BEGIN

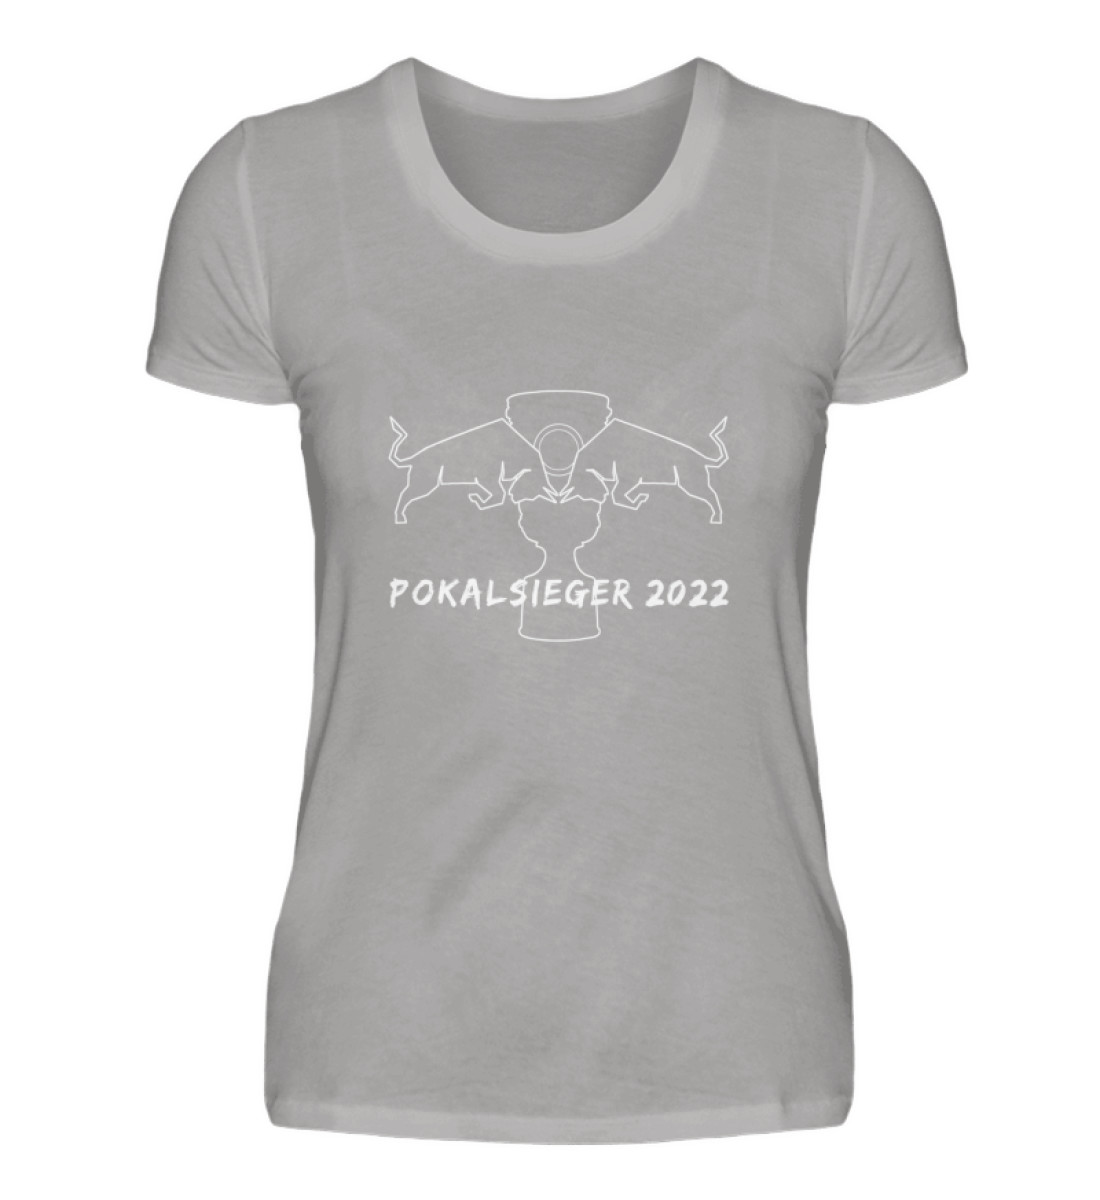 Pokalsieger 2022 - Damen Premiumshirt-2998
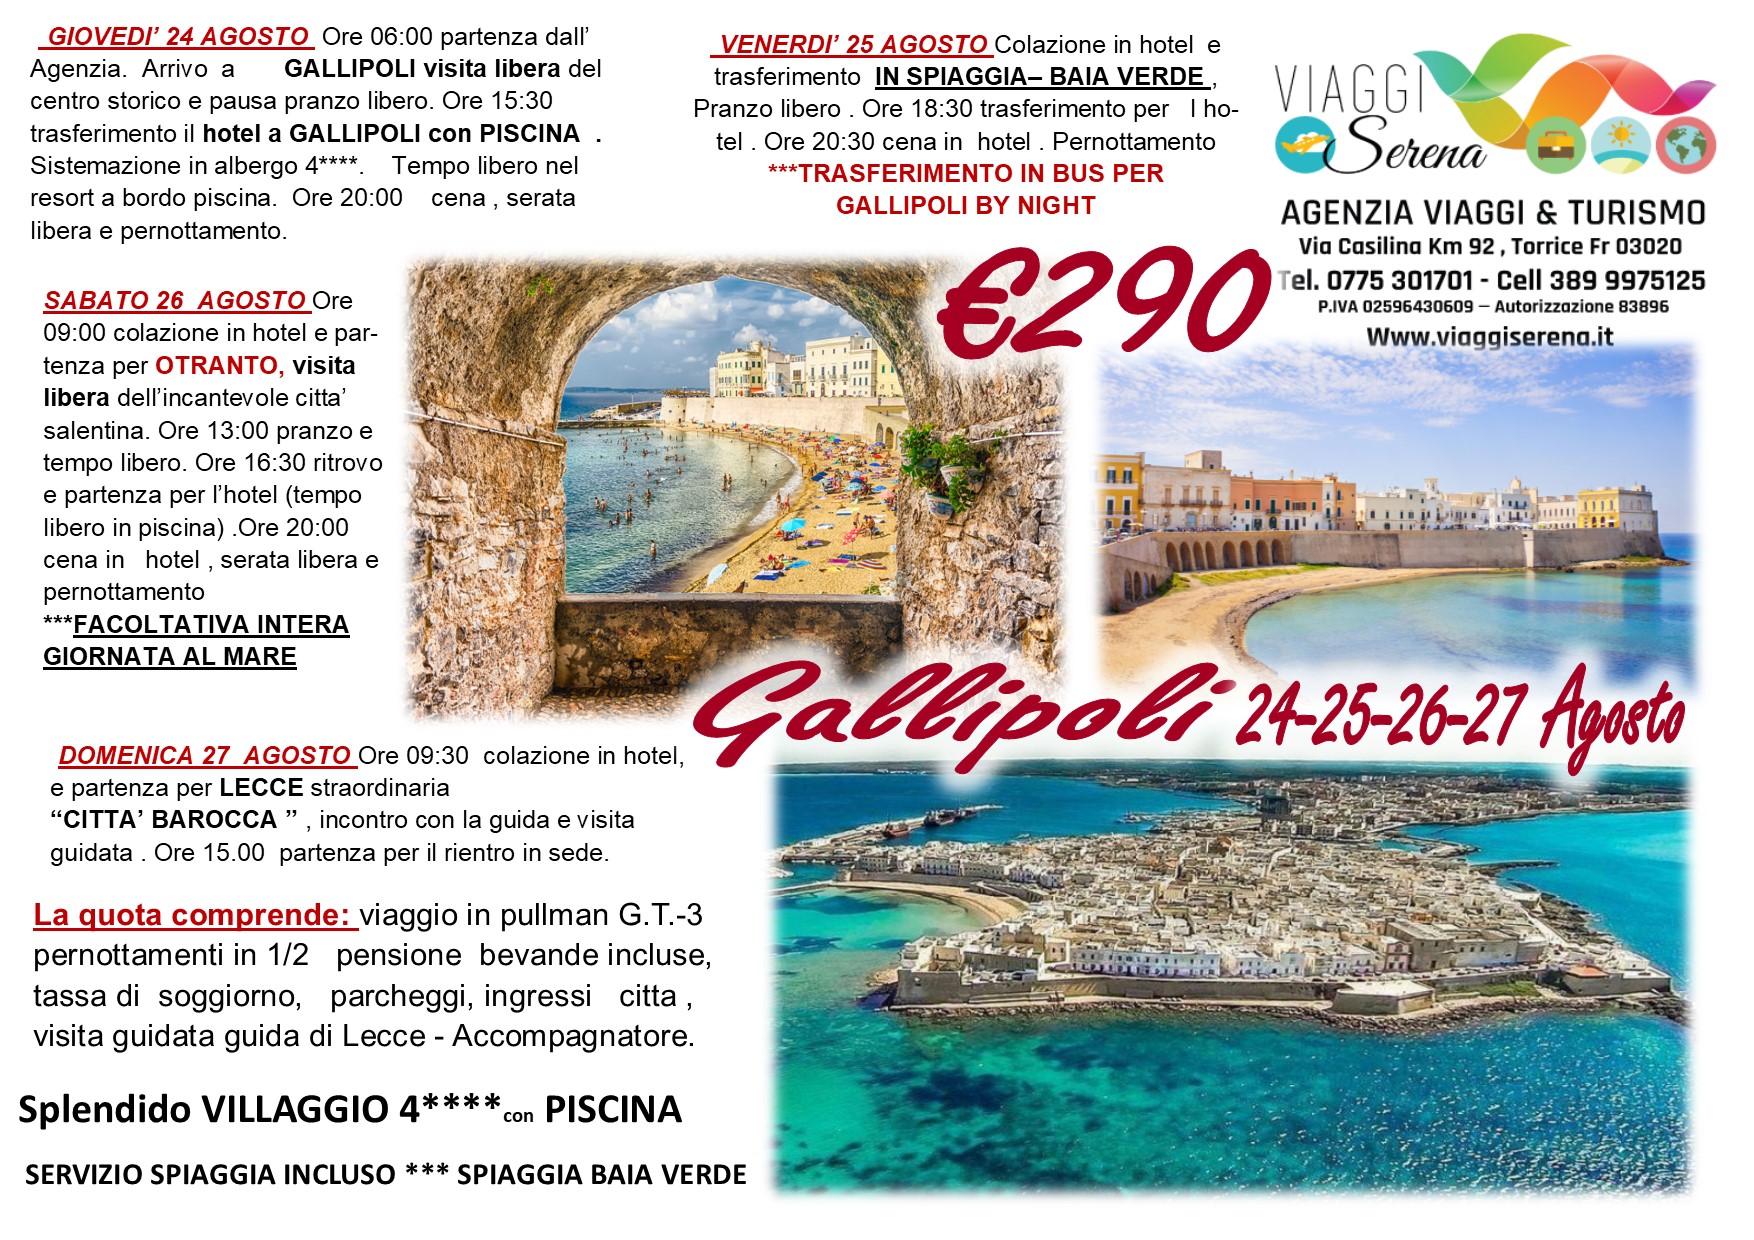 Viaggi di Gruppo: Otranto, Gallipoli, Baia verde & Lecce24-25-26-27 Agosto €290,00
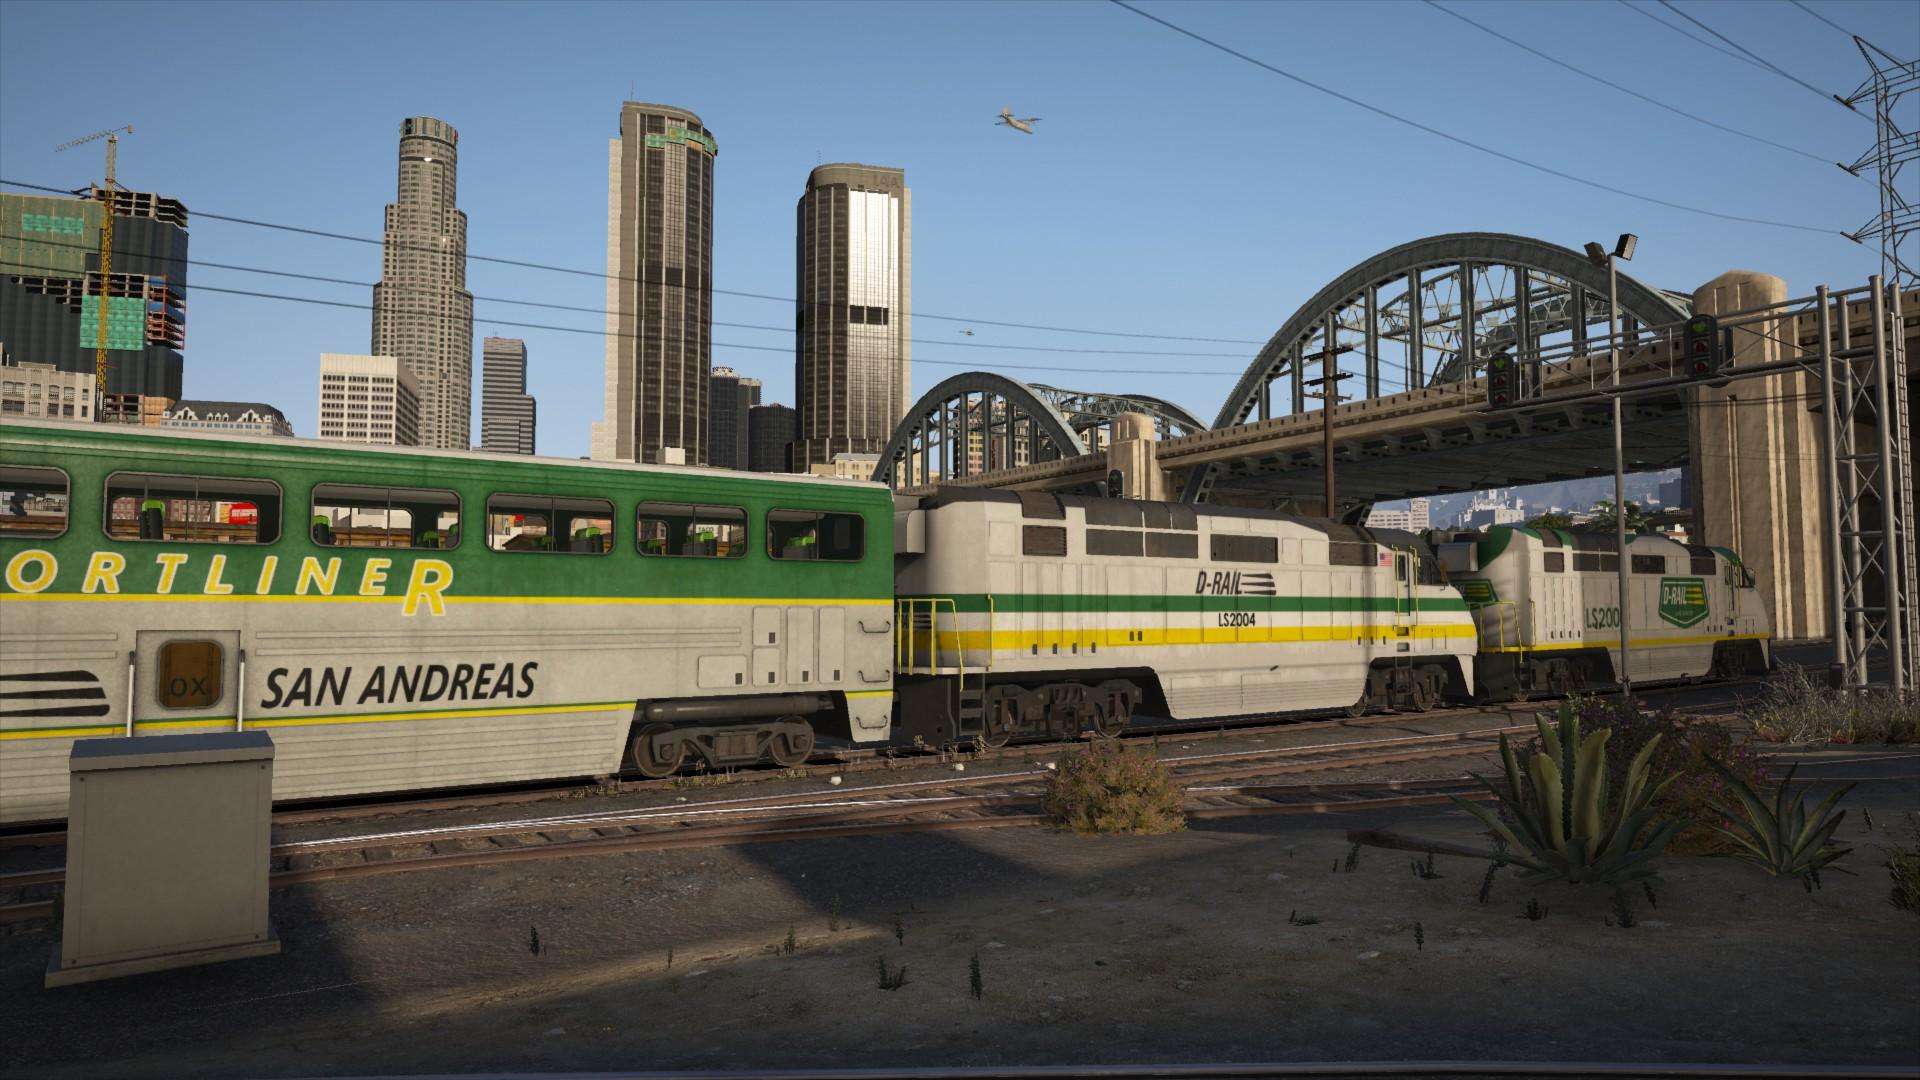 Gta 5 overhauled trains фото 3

END

Problem requirements: Every line of the data above is to be set down word for word, with the pictures left out.

Reply:
 Pokalsieger 2022 - Damen Premiumshirt-2998
 Viaggi di Gruppo: Otranto, Gallipoli, Baia verde & Lecce24-25-26-27 Agosto €290,00
 Gta 5 overhauled trains фото 3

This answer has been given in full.